Appboy is going to cancel our Pro CloudFlare account and leave the service. CloudFlare has a great feature set, but their uptime track record has been awful.
I’ve been a big fan of CloudFlare’s since I heard of it: I was in the audience at TechCrunch Disrupt NYC 2011 where CloudFlare presented. I was so impressed that I immediately pulled out my laptop and moved all my personal websites to CloudFlare. My first Tweet ever was about how cool CloudFlare is.
I put Appboy on CloudFlare as soon as we brought our first servers online. Since then, my professional experience with CloudFlare has been suboptimal. The first major interruption was in early November. SSL randomly stopped working, which broke server-client communication in our iOS SDK product. When I logged in to troubleshoot, I couldn’t find the SSL settings page. In a frenzy, I thought that my account had been accidentally downgraded from Pro and that SSL options were no longer available. I sent in a support ticket, received a response that it was a known issue, and that I should disable the CloudFlare proxy in the meantime. The SSL options were quietly removed as part of the upgrade; seemingly no one was told. I repeatedly emailed in every few hours asking for status reports but never got a response. It was a serious issue for us. Fortunately, in November we were in limited testing on our production environment, but had it been live it would’ve caused a massive amount of damage to us. After submitting two tickets for someone to contact me, Michelle Zatlyn, a CloudFlare co-founder, gave me a call. I suggested things like proactive notifications about major maintenance, and was happy she listened, but I feel like nothing has changed since.
The last few weeks, it has seemed as if CloudFlare was being attacked constantly, taking our site down in the crossfire. I was home for the holidays having dinner when our monitors hit for 502s and SSL problems. 502 hit again in January due to attacks in Newark. Over the past few months, dozens of 502 errors have tripped up my monitors, woken me up overnight, and broken our site for some of our customers. Numerous support tickets led to no progress. I ended up ignoring 502 errors in our functional monitoring scripts. We get over 100,000 unique visitors a month. Downtime has major visibility for us.

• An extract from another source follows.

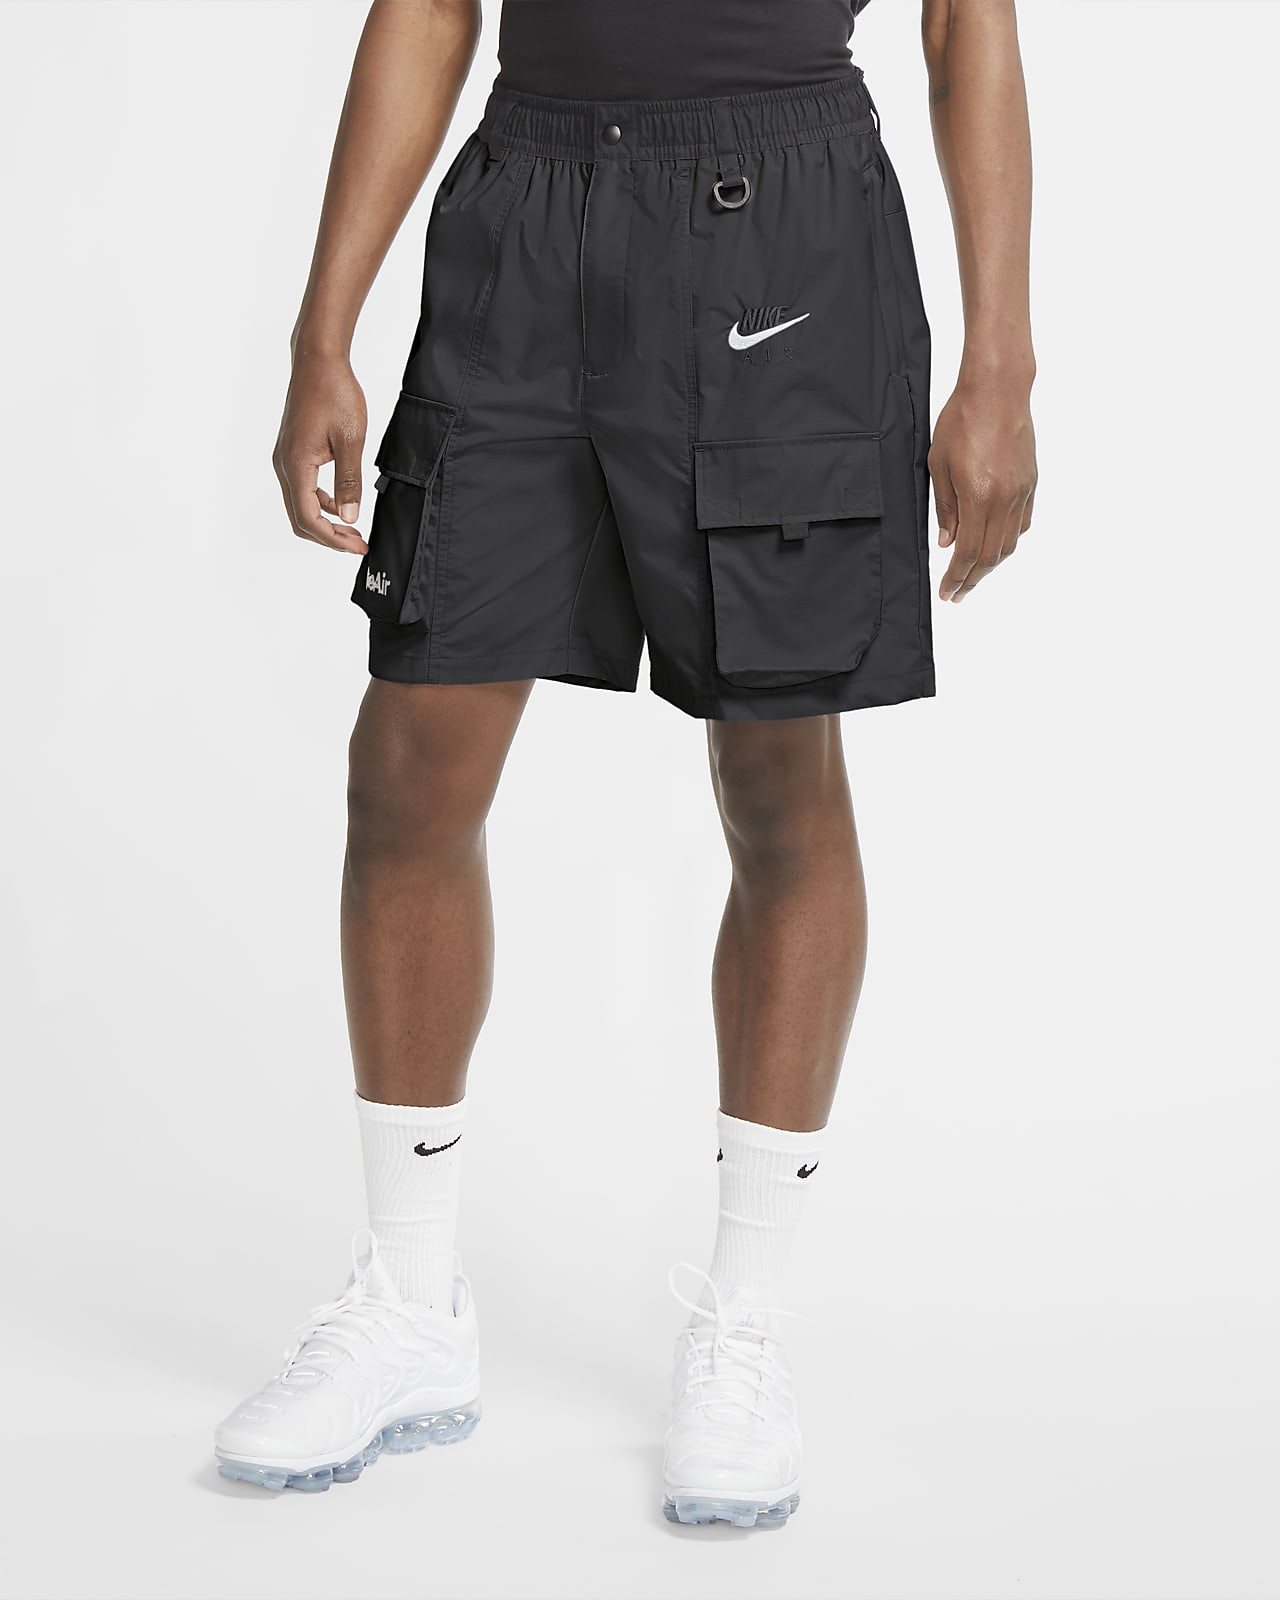 Shorts para hombre Nike Air. Nike.com

The last two weeks have been exceptionally problematic. One of our customers emailed us that random links on our site was broken. The links made AJAX requests which were not returning. Sure enough, everyone in the office could reproduce. I sent in a support ticket. The one-line response: “Thanks for writing in. This is a known issue that we’re trying to tackle this week. Sorry for the inconvenience!” That was it. No additional info. Was it just with AJAX? Should I turn off the CloudFlare proxy on other sites? Should I look to @cloudflaresys for updates? The worst part was that CloudFlare didn’t notify me about the known issue! It wasn’t on the status page, I couldn’t find it on Twitter. I had to find out from one of our customers. Later, the support associate agreed that “[CloudFlare's] notification of what’s working and what’s not is a bit… lacking” and said that he’d notify me when he got an update. I have not received any further updates.
Last night was also really bad. CloudFlare released a new version of its DNS software and accidentally deleted their master database of domain records, which broke name resolution for all of Appboy’s servers. I couldn’t go to the main website, our client-server communication broke, my app servers couldn’t talk to the databases because they couldn’t resolve the hosts, etc. We were completely down due to a bad software release that was, again, completely unannounced.
Whenever there have been issues, the CloudFlare engineers have jumped to resolve it. And resolution time is usually fast. But that 100% of my site downtime the last 2 months has been caused by CloudFlare is unacceptable. Even if CloudFlare fixes the problems quickly, they’re breaking too many things too frequently.
Everyone here at Appboy thinks that CloudFlare is a great product. We want to use CloudFlare, but right now can’t take on the risk.
Do you have any suggestions for DNS service providers? Let us know what you use or recommend.